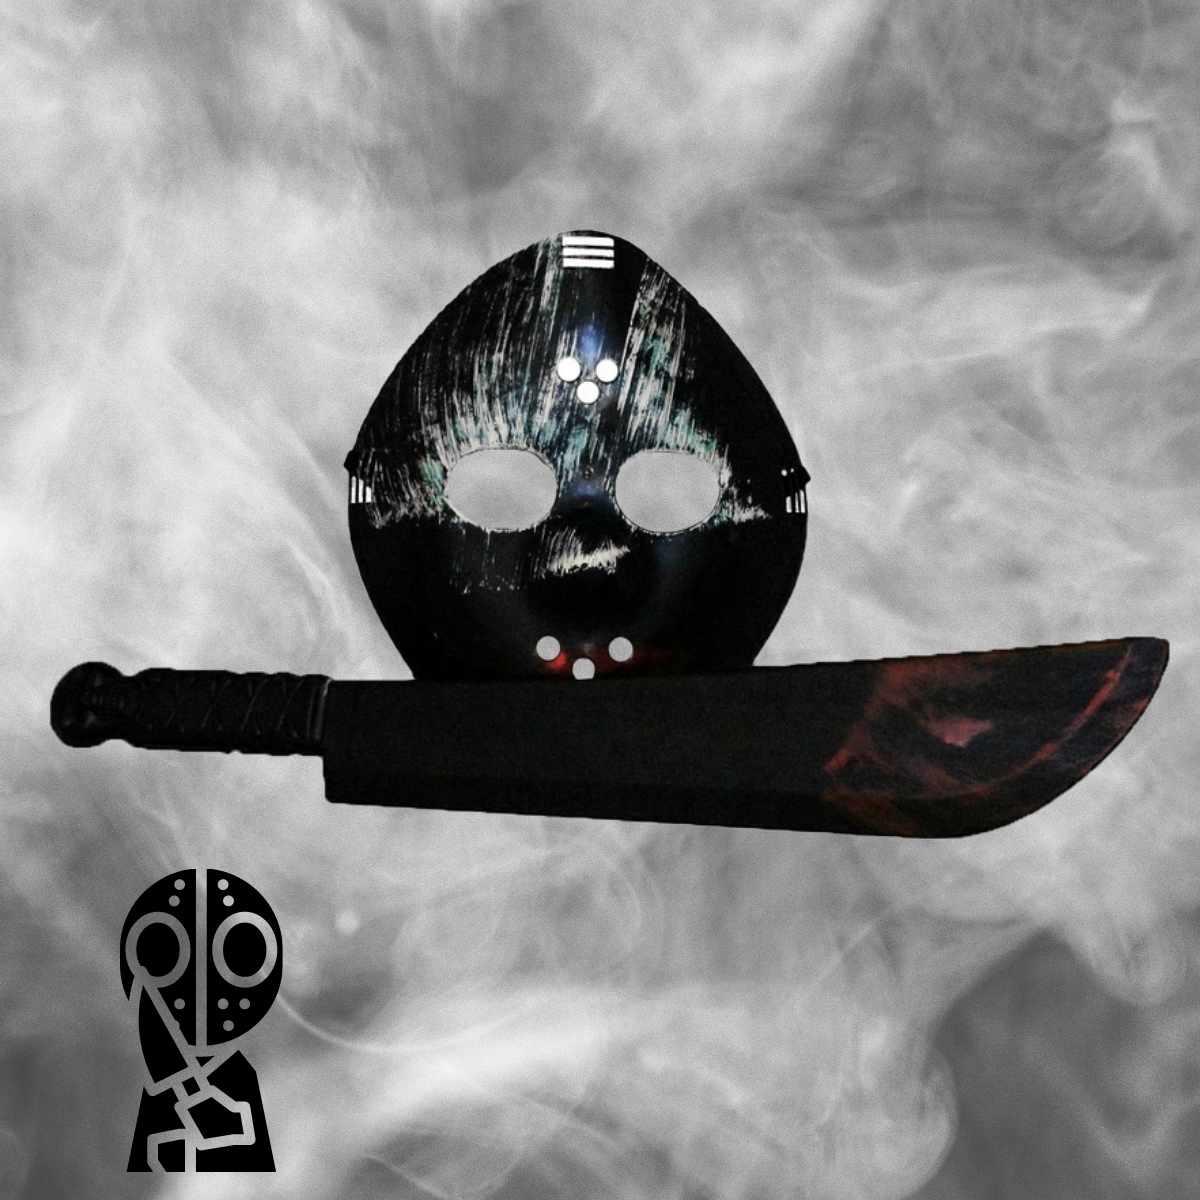 Kit Jason Acessórios (Máscara e Facão)
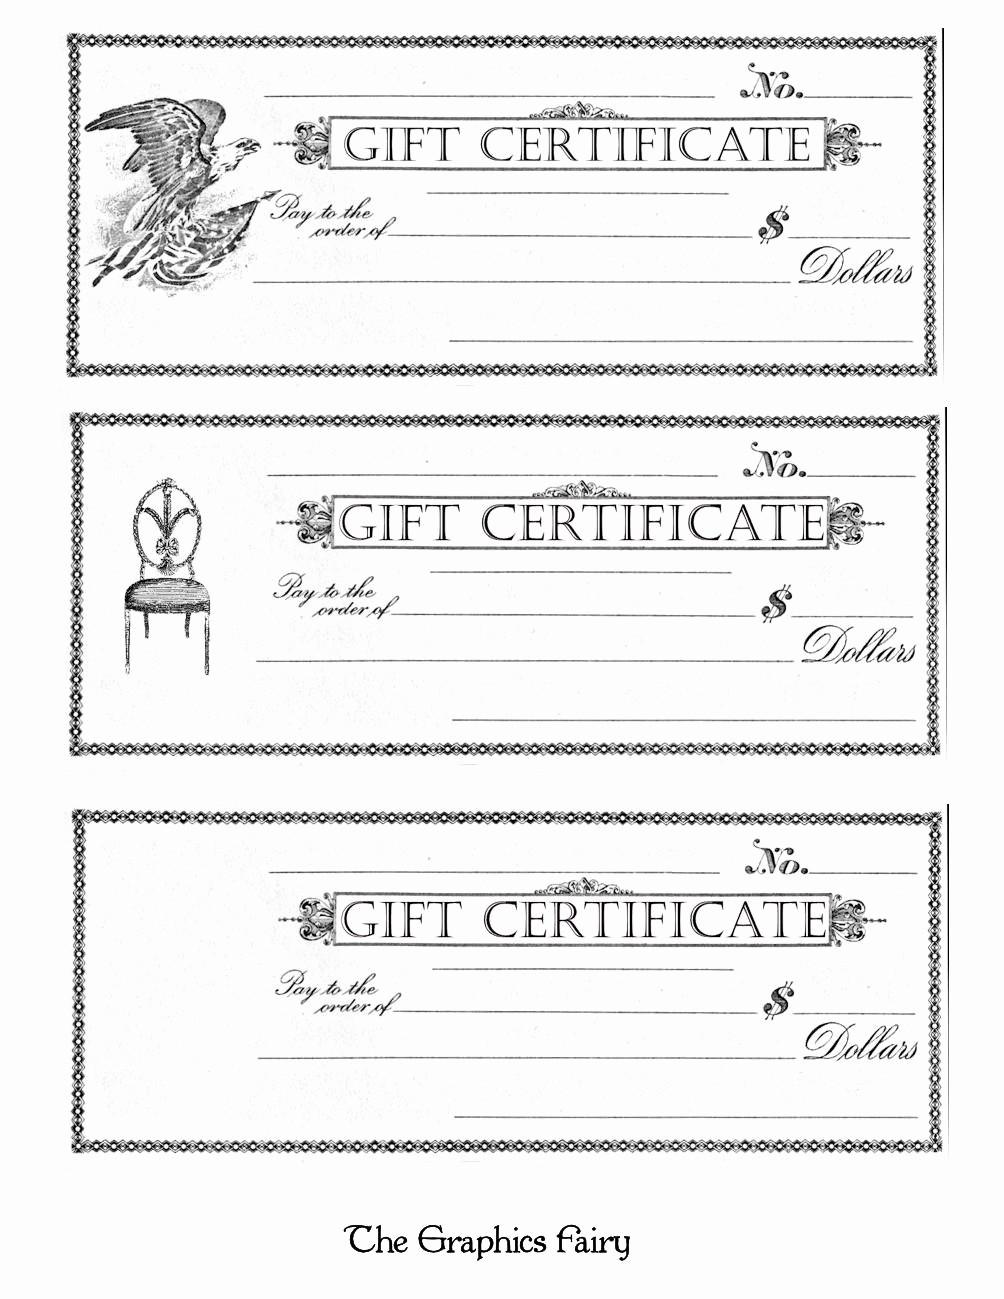 Print Gift Certificates Free Templates Elegant Free Printable Gift Certificates the Graphics Fairy
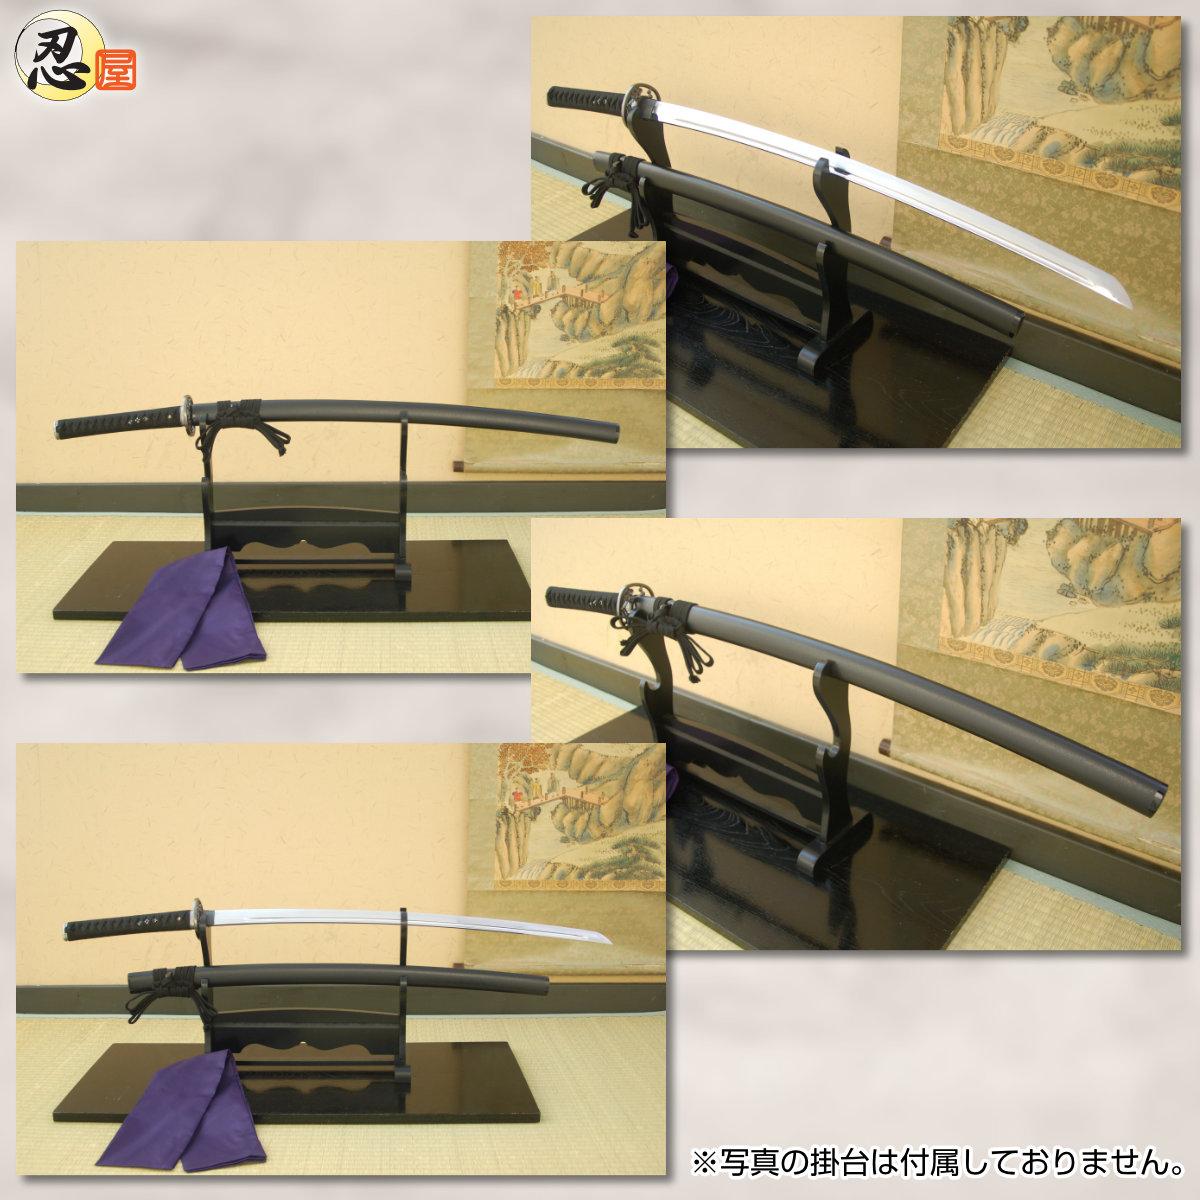 居合刀-居合練習刀DX 『素振り刀 梅透かし鍔』-砂型合金-(刀袋付き)居合練習に最適
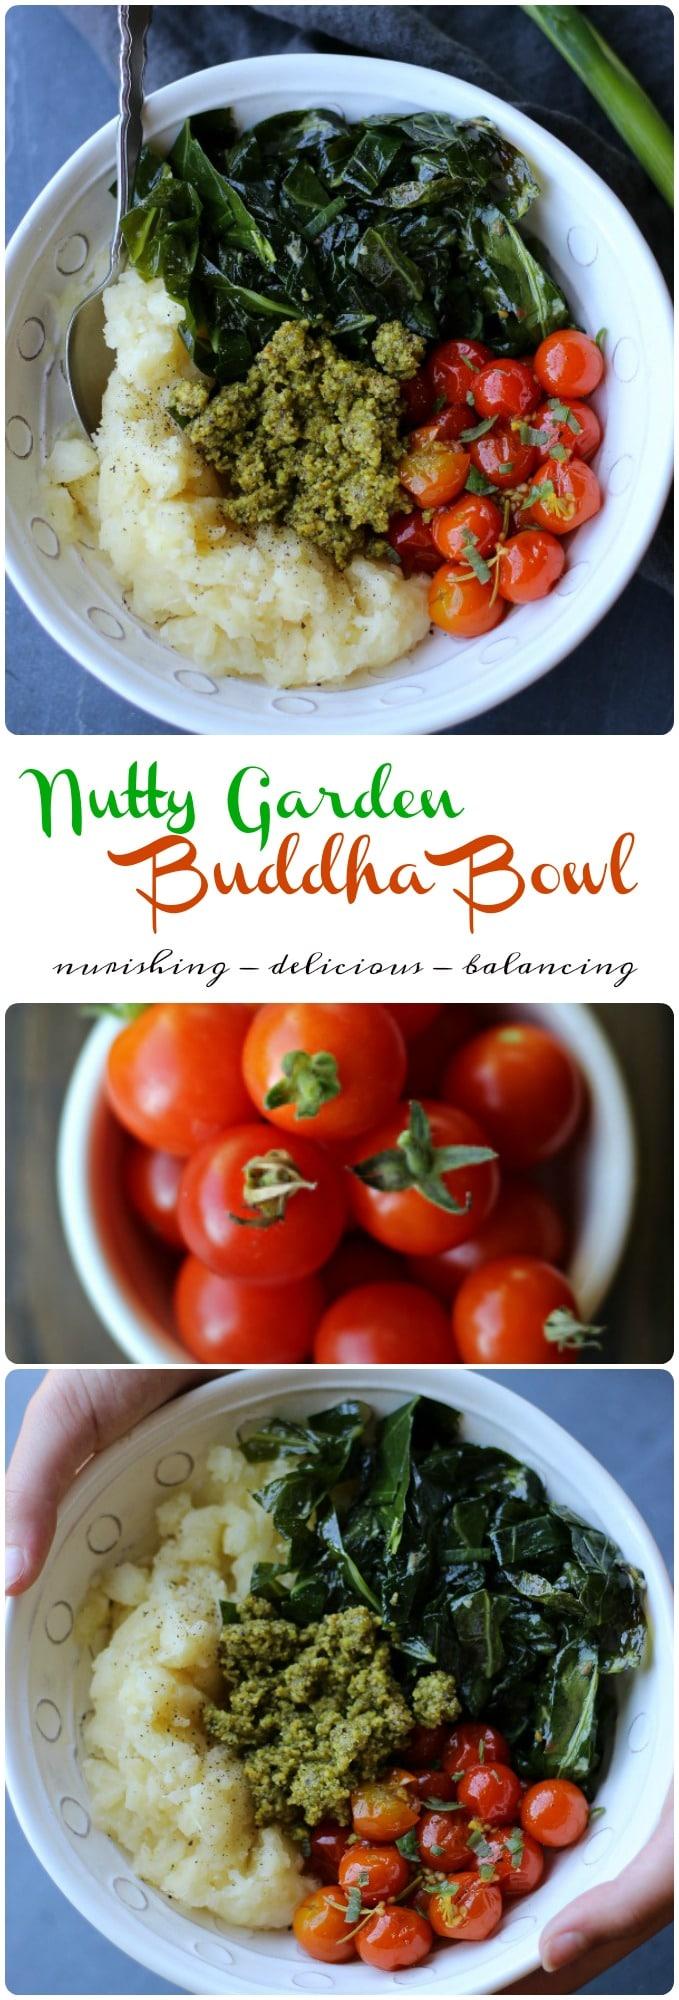 Garden inspired Vegan Buddha Bowl jammed packed with the best earthy flavors! gardeninthekitchen.com

•••

» Try it: The answer must be the lines above from the line that contains "居合刀-居合練習刀DX 『素振り刀 梅透かし鍔』-砂型合金-(刀袋付き)居合練習に最適" to the final line of the data, word for word, with no pictures.

» Solution to this exercise:
 居合刀-居合練習刀DX 『素振り刀 梅透かし鍔』-砂型合金-(刀袋付き)居合練習に最適
 Garden inspired Vegan Buddha Bowl jammed packed with the best earthy flavors! gardeninthekitchen.com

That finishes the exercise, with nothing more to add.